The former is the default configuration. The embedded jetty server runs local to the OJS installation and listens on the loopback IP address (127.0.0.1) to protect it from exposure to other servers. To support the second deployment option we'll need a configuration option consisting of the host and port of the solr server. We recommend this to be an OJS administrator-level (installation-wide) option so that we have a unique and unambiguous solr endpoint to send article meta-data to. We can optionally provide an additional configuration parameter for the solr search handler to be used. This is “/solr/search” in the embedded deployment but advanced users may want to deploy additional preconfigured search handlers. This will enable them to work with installation-specific search parameters (e.g. ranking-related or for a sub-set of journals) without having to customize any OJS code. For the sake of simplicity we do not provide any means to directly set solr parameters from within OJS. Less advanced users should be able to use solr from a very simple interface while advanced users still may customize search to a very large extent by changing parameters directly in solr configuration files. Keeping solr configuration within solr's configuration files also helps keeping solr secure: Search endpoints can be constrained through mandatory configuration parameters which would not be possible when implementing client side configuration. Such configuration would have to be communicated over the network thereby being open to manipulation from the outside. The solr plug-in's home page will display a warning message, whenever the current configuration does not point to a running solr server. In this case, the plug-in will point to the README file distributed in it's home directory. This file will contain all necessary installation and configuration information to get up-and-running with OJS solr search.
We provide a shell script to start/stop the embedded solr server. This script could be started/stopped from OJS if (and only if) it should be run under the same user as PHP. This user depends on the local web server configuration. In most cases it will be either the web server's user or – in more advanced installations – a dedicated PHP user. There may be other difficulties in starting/stopping solr directly from within OJS, see “Starting/Stopping Solr” in the “Embedded Deployment” chapter below. If all preconditions for tool execution are met then we can place a Start/Stop button onto the solr plugin main page. This allows administrators to start/stop solr from within OJS which will further simplify work with the embedded scenario.
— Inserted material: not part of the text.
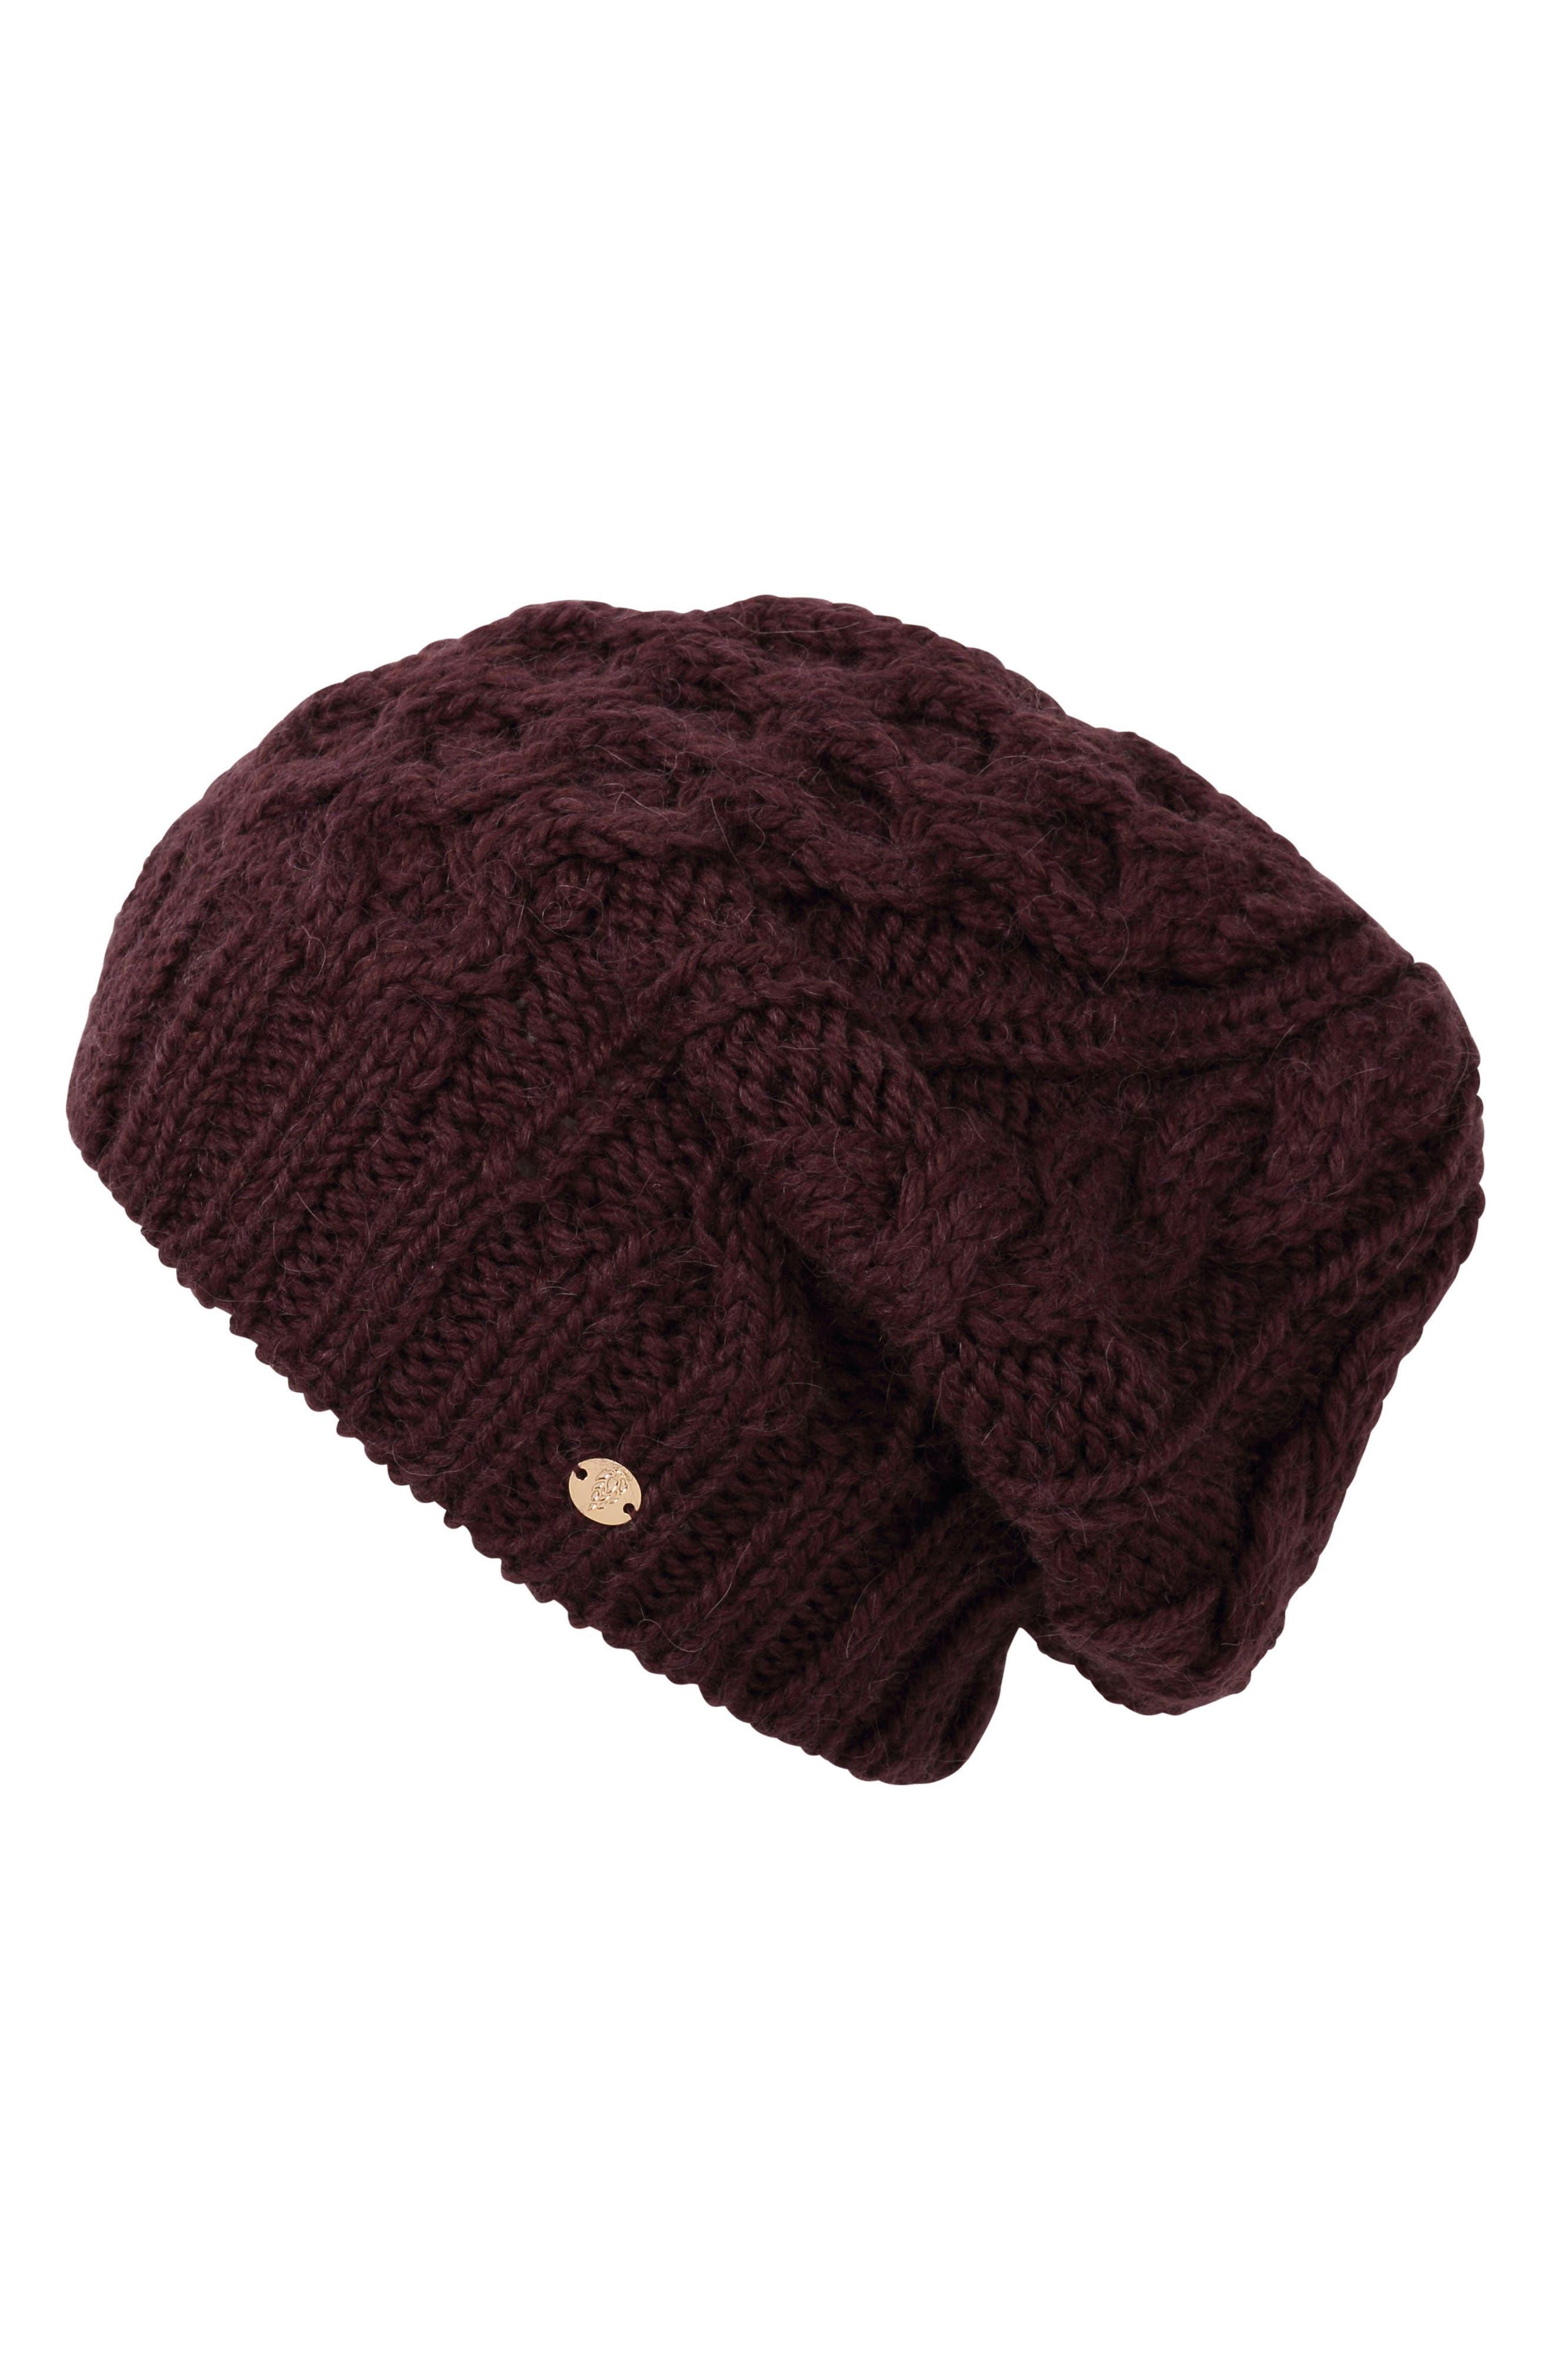 Helen Kaminski Slouchy Knit Beanie

Configuring Search Features
If we follow the recommendation to keep all search configuration on installation level then the following features could be dis-/enabled system-wide through simple check-boxes on the search plug-in's settings page:
- alternative spelling proposals
- alternative order criteria
- instant search
- more-like-this links
- custom document ranking
Rather than providing many feature-specific configuration parameters it seems more appropriate to provide a well thought-out default configuration for all of these features to keep the user interface as simple as possible. It has to be kept in mind that advanced users will always be able to tune features directly in the solr configuration. Therefore it is recommended to only provide OJS configuration for what cannot be configured directly in solr and choose good defaults otherwise.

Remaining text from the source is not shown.